Machine learning (ML) is a great example of the benefits brought by these principles. Increasingly, ML papers are accompanied by data and code. For example, Papers With Code is a free and open resource with ML papers, code, and datasets—it has accumulated over 126,512 papers with code. The community has not only organized several challenges but also built infrastructure to simplify the creation and management of challenges, such as Codabench, a platform that allows the creation of competitions and benchmarks. Open source libraries such as scikit-learn are available and serve as a means to disseminate methods introduced in the literature, making it possible for these to be easily adopted and improved. Machine learning, however, is an area in which there has been not only substantial investment both from government and industry but that also has garnered a large number of commercial users. Major industry players in artificial intelligence (AI) such as Meta and Google have released open source libraries, such as TensorFlow and PyTorch that have enabled many empirical machine learning advances. The use of ML in commercial settings has also contributed to the development of infrastructure that supports the development and deployment of ML-based solutions. A number of machine learning operations (MLOps) systems ("MLOps: Continuous Delivery and Automation Pipelines in Machine Learning," 2023; Oladele, 2024) are available that implement many of the features required for collaboration, transparency, and reproducibility that the scientific community has been discussing over the years, including provenance capture and experiment management.
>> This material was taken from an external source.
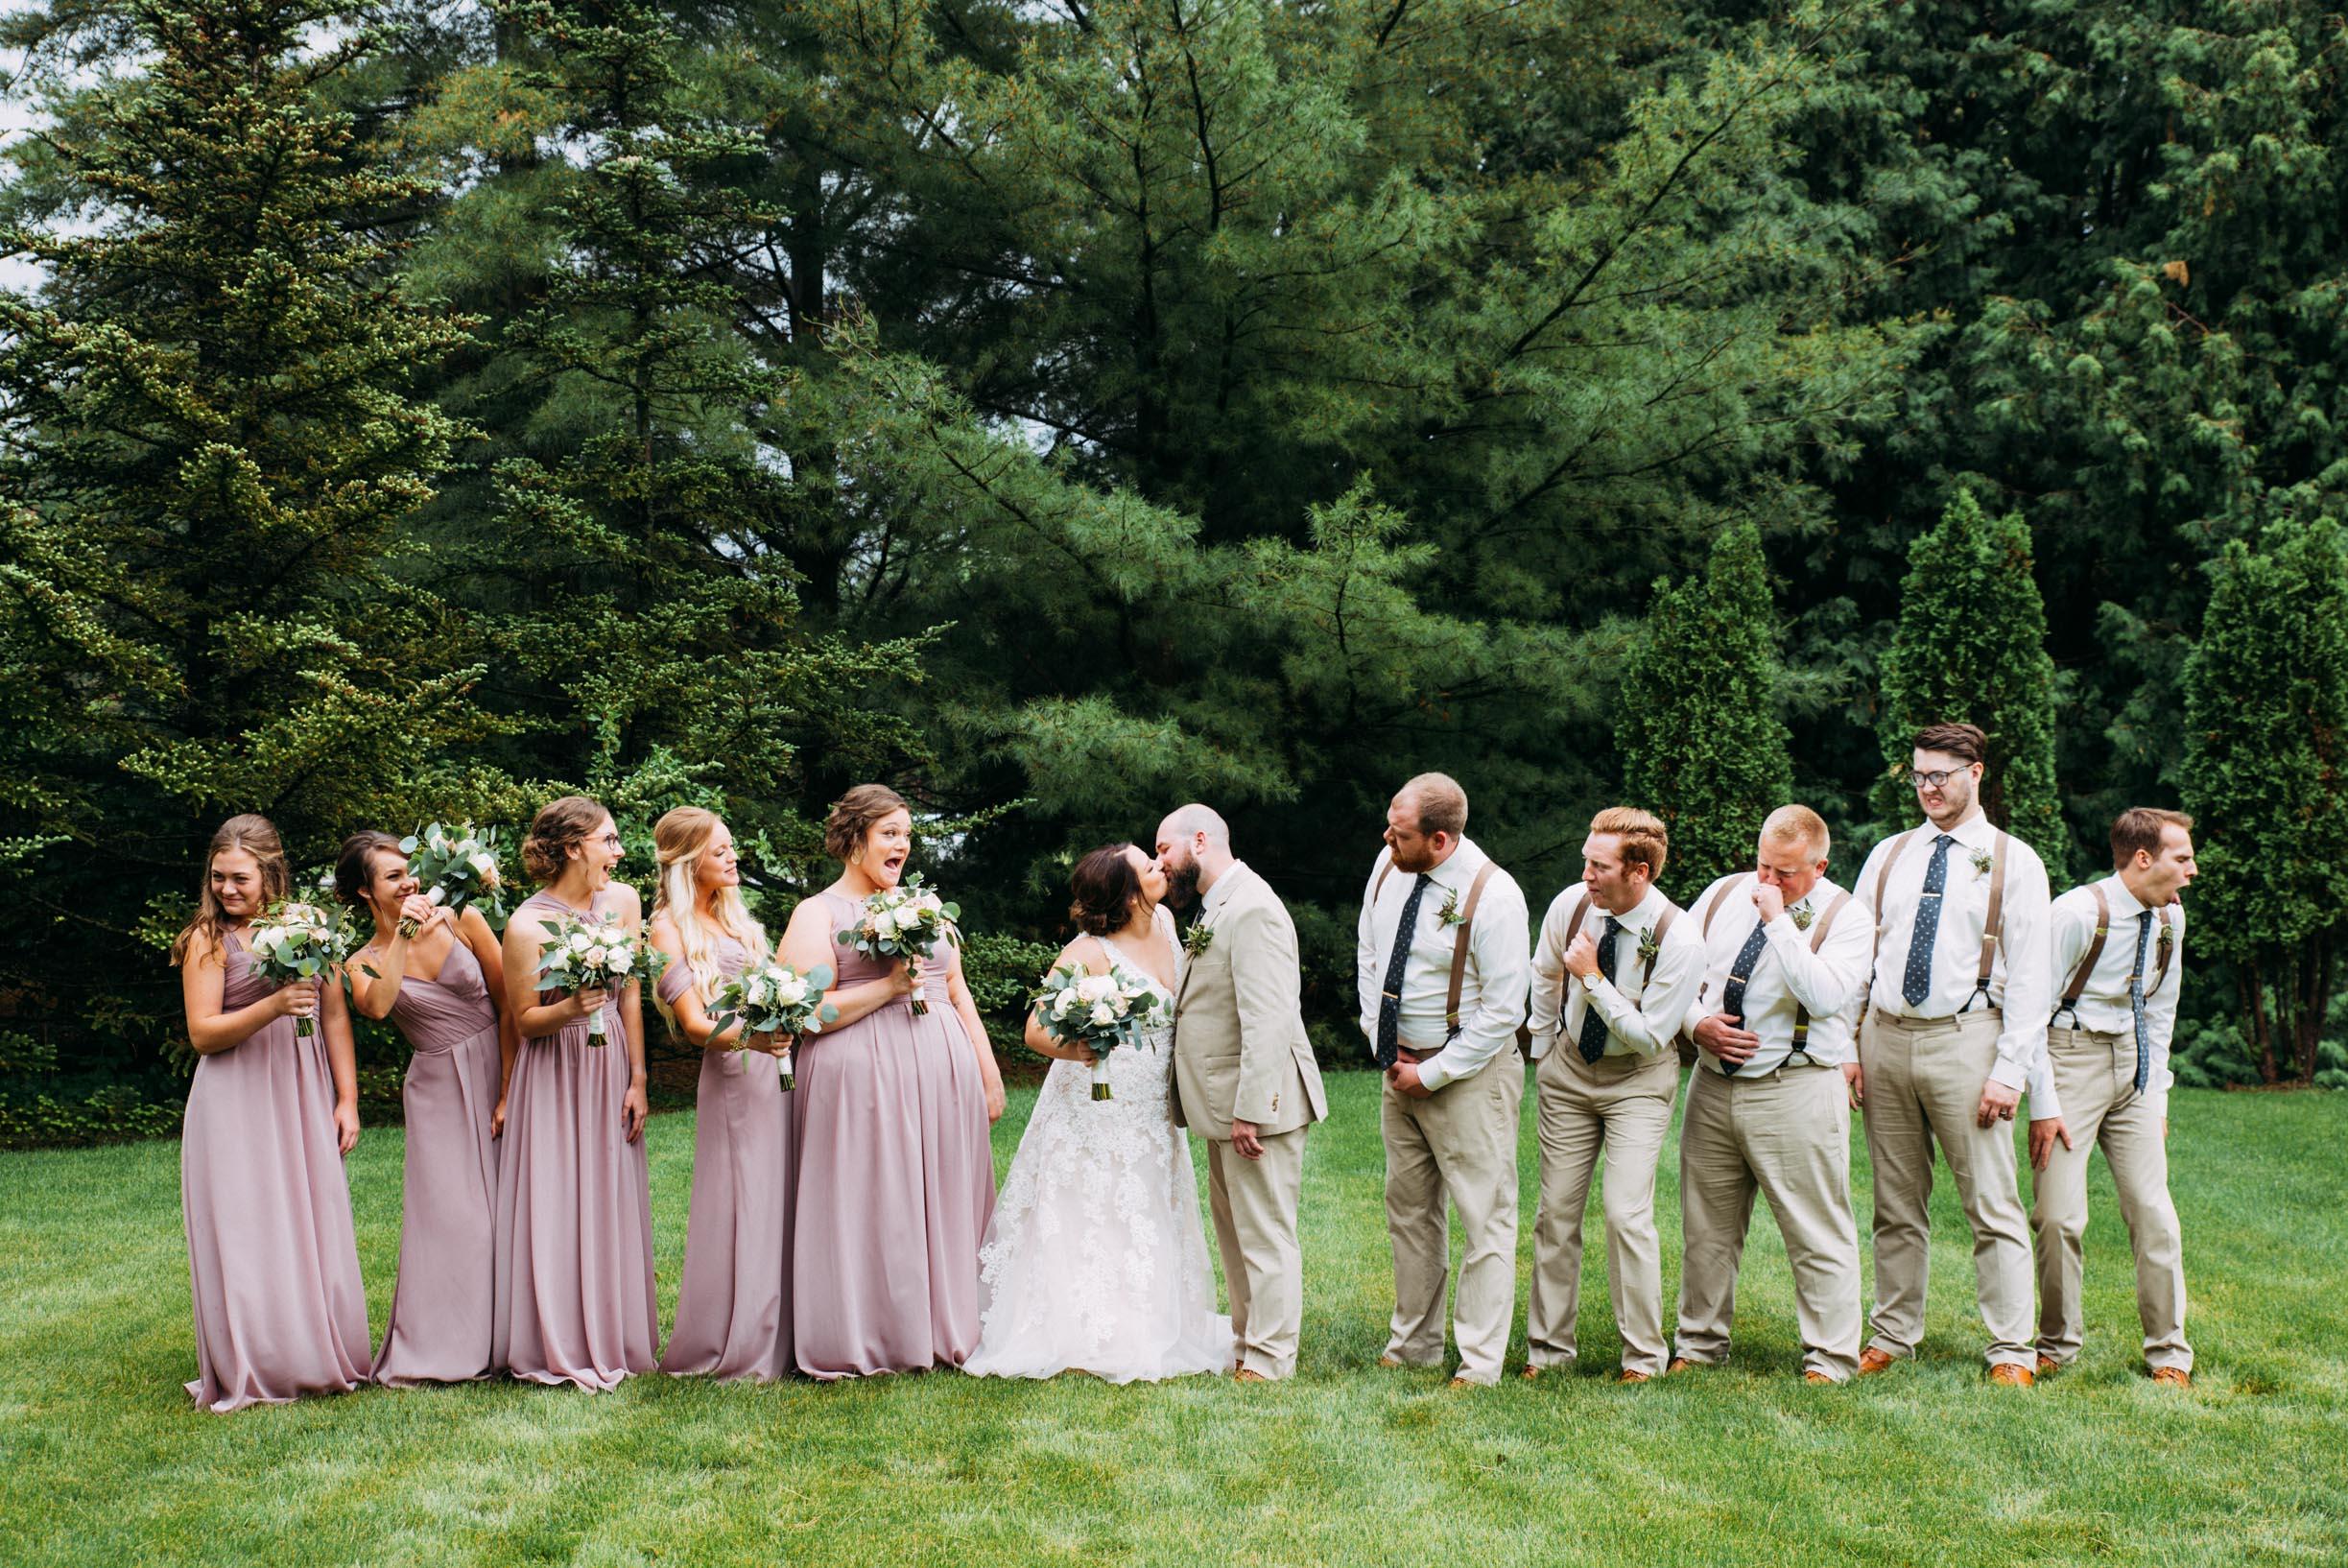 14-Jess_Jeremy_Minnesota_Wedding.jpg

The question is if and how we can attain the same success in less popular niche fields that do not have the commercial value of ML or the same scale in the number of users.

From MLOps to ScienceOps

While in principle I agree that “there is no essential obstacle to turning them into everyday habits, except the interest and diligence of participating researchers,” in practice there are still barriers—we still lack the necessary infrastructure to support science operations (ScienceOps). There is no question that we have made huge strides in building software and infrastructure that support the open-science principles of transparency and reproducibility. From virtual machines and experiment packagers to notebooks, it is much easier today to work in a reproducible fashion. Unfortunately, there are still many gaps. Many tools used in scientific discovery lack provenance capture, and even tools that support reproducibility have limitations; for example, packagers such as Reprozip (Chirigati et al., 2016) that capture dependencies are often limited to specific operating systems and computational environments. As a result, it is difficult to systematically capture all different steps executed across tools and computational environments, as well as their dependencies; and manually tracking these is both time-consuming and error prone.

We need a concerted effort and investment to build general and interoperable tools and infrastructure that make transparency and reproducibility for computations frictionless: support for transparency and reproducibility should be built-in in computational environments. Only with such support will we be able to have reproducibility for all scientific disciplines. We note that one of the recommendations (RECOMMENDATION 6-3) in the NASEM consensus report on Reproducibility and Replication in Science (National Academies of Sciences, Engineering, and Medicine, 2019) is that “Funding agencies and organizations should consider investing in research and development of open-source, usable tools and infrastructure that support reproducibility for a broad range of studies across different domains in a seamless fashion.”

Challenges, Replication Studies, and Abstraction

Challenges and problem platforms such as Codabench used by the ML community provide an ideal environment to perform replication studies at scale: you fix a problem, a dataset, and evaluate many different approaches to the problem. There are other models to incentivize replication. In the database community, the Proceedings of the VLDB Endowment invites the submission of Experiment, Analysis & Benchmark Papers, which include papers that present new benchmarks and experimental surveys that “compare multiple existing solutions (including open source solutions) to a problem and, through extensive experiments, provide a comprehensive perspective on their strengths and weaknesses” (Proceedings of the VLDB Endowment, n.d.).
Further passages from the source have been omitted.